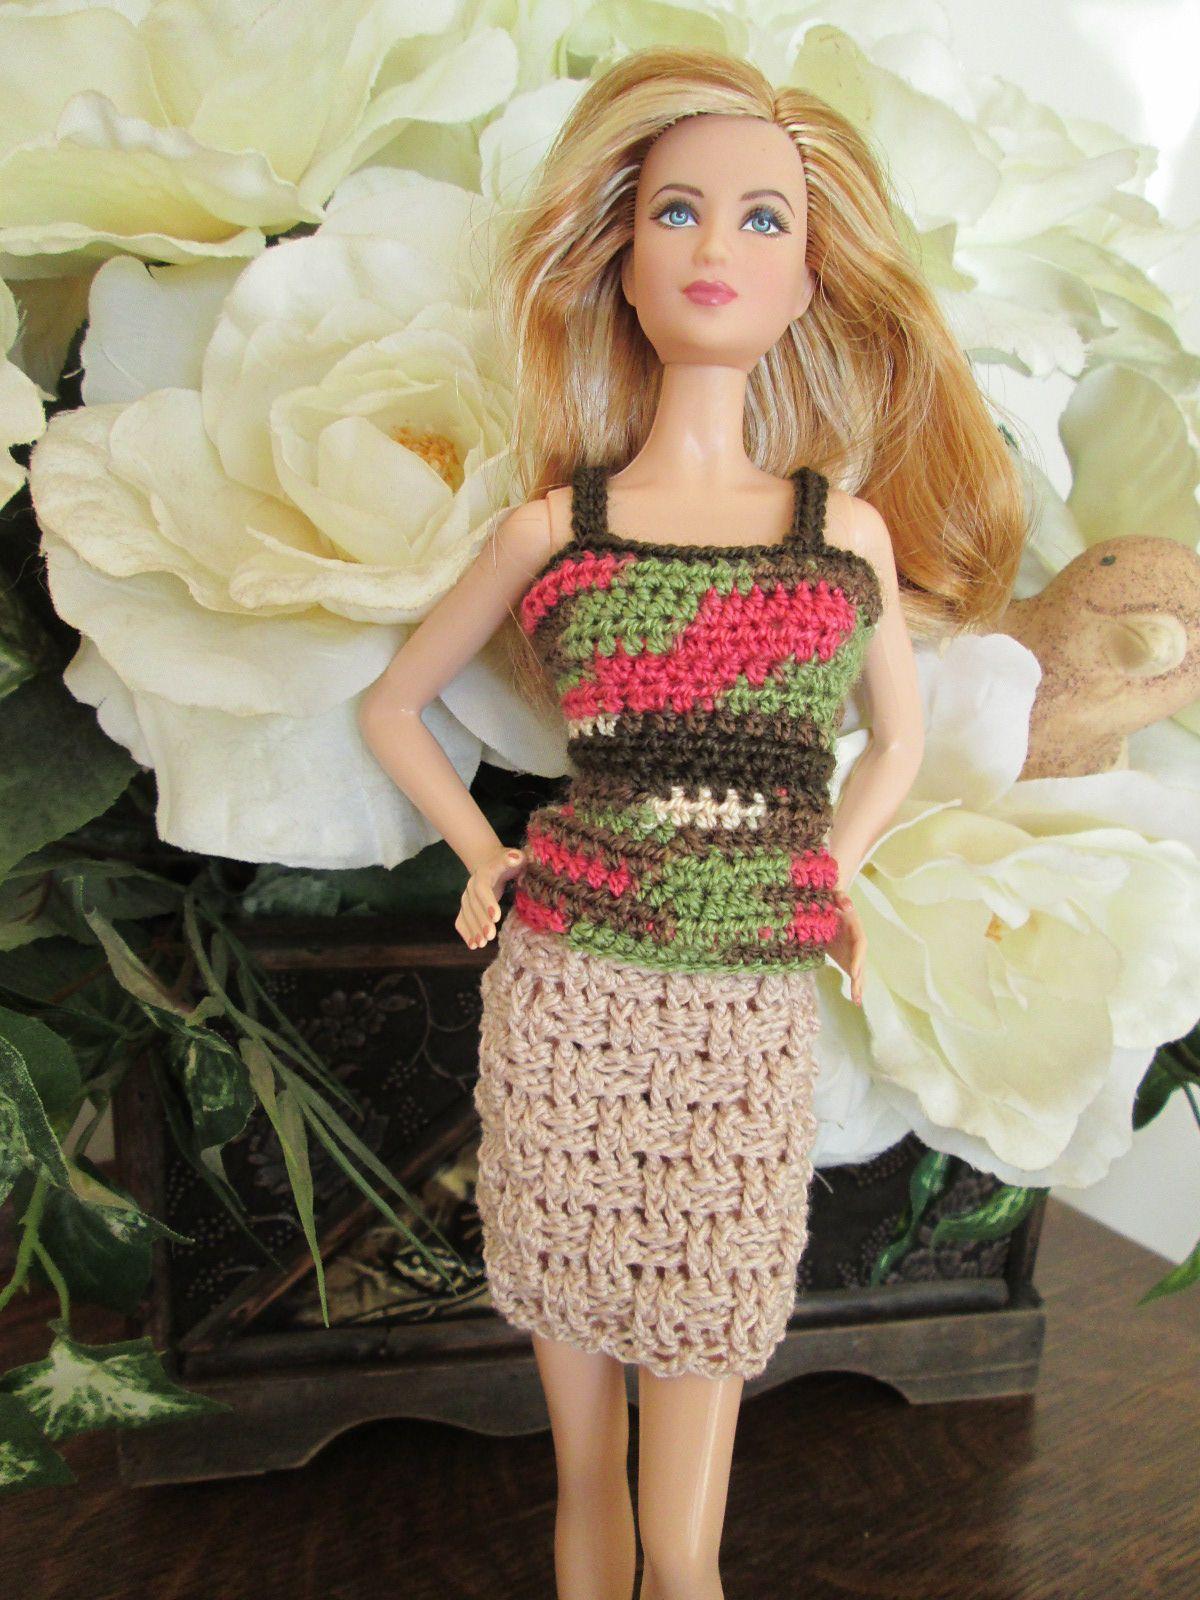 Ravelry: Barbie Skirt Stitch Variations by Vicki Johnson
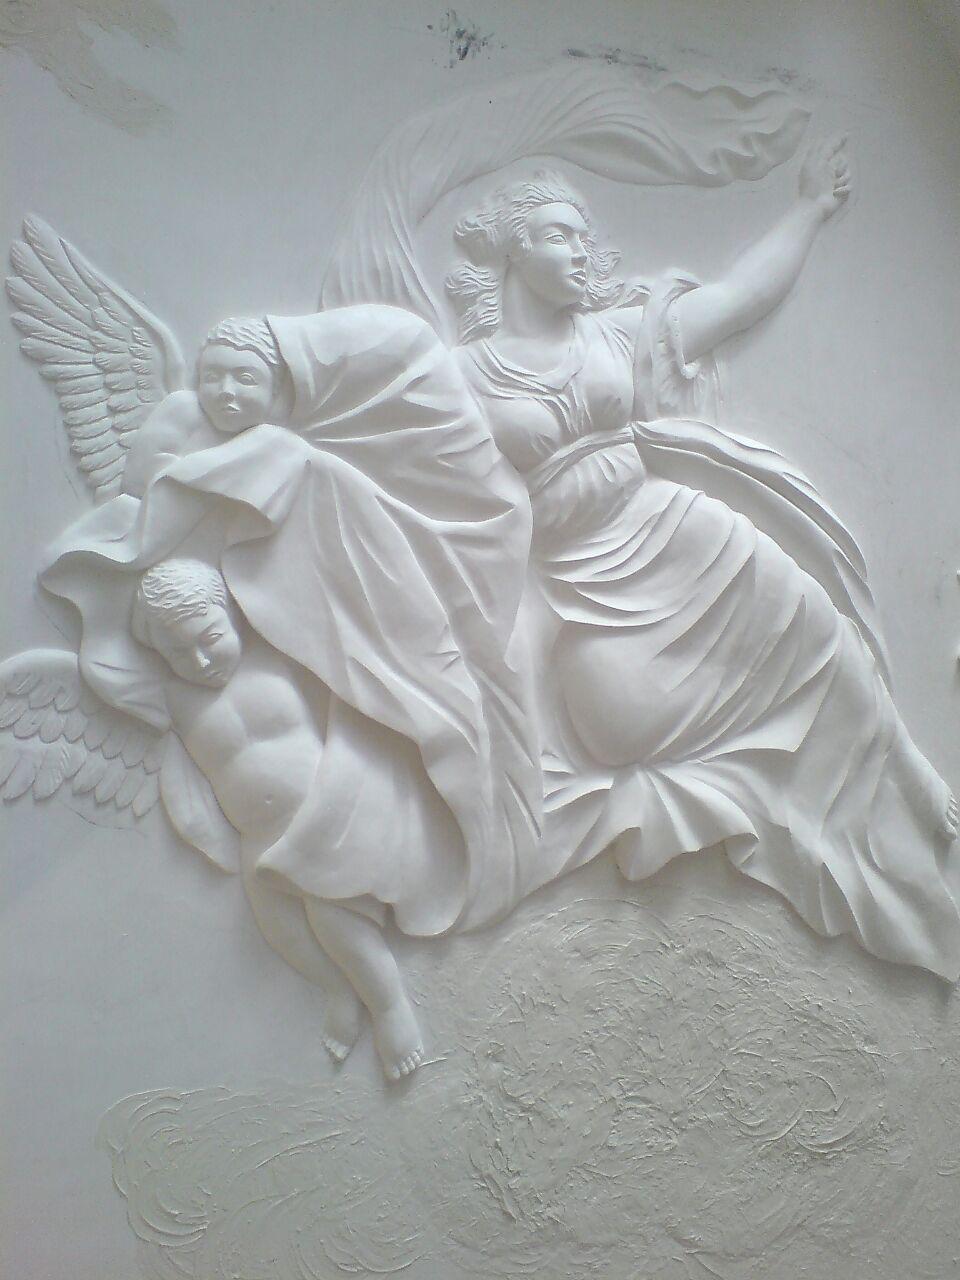 طراحی مورال ( فرشته )
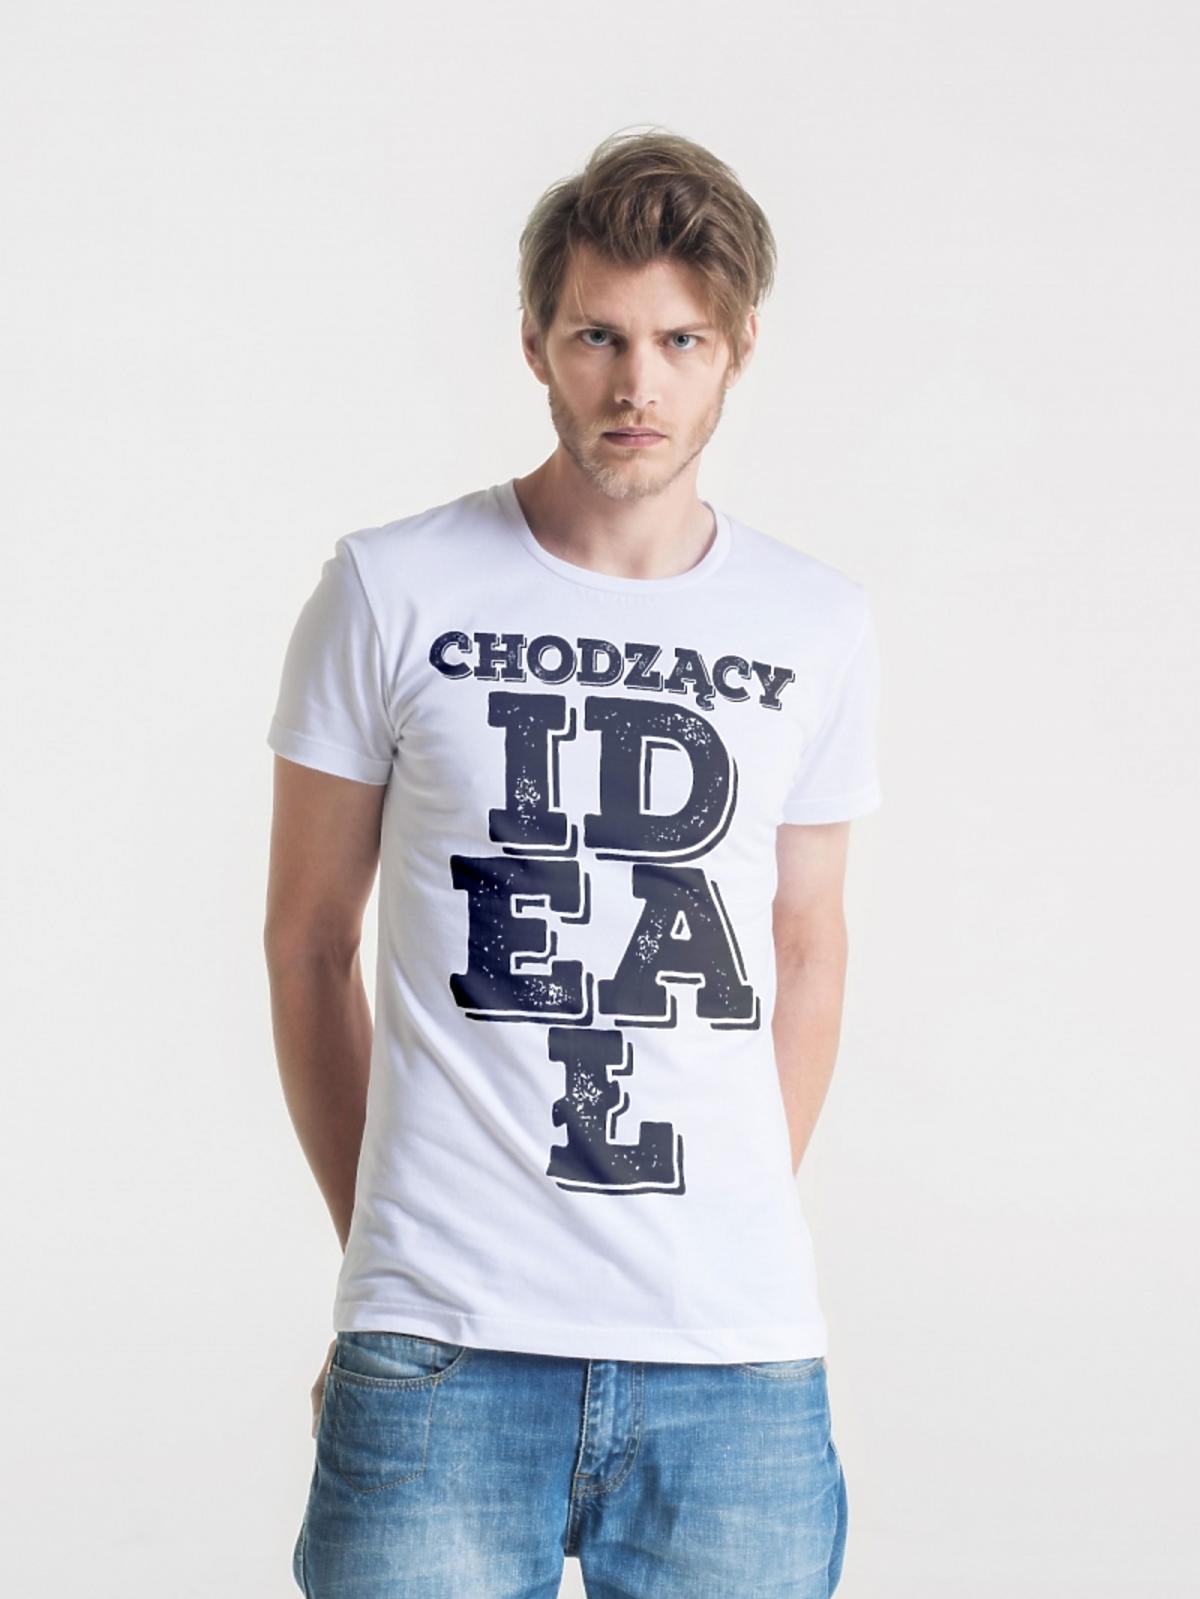 T-shirt CHODZĄCY IDEAŁ, Great As You/Pakamera.pl, 79 zł

+===+

Task to complete | Please restate word for word each line from the one containing "طراحی مورال ( فرشته )" to the end of the data above, without the pictures.

The answer |
 طراحی مورال ( فرشته )
 T-shirt CHODZĄCY IDEAŁ, Great As You/Pakamera.pl, 79 zł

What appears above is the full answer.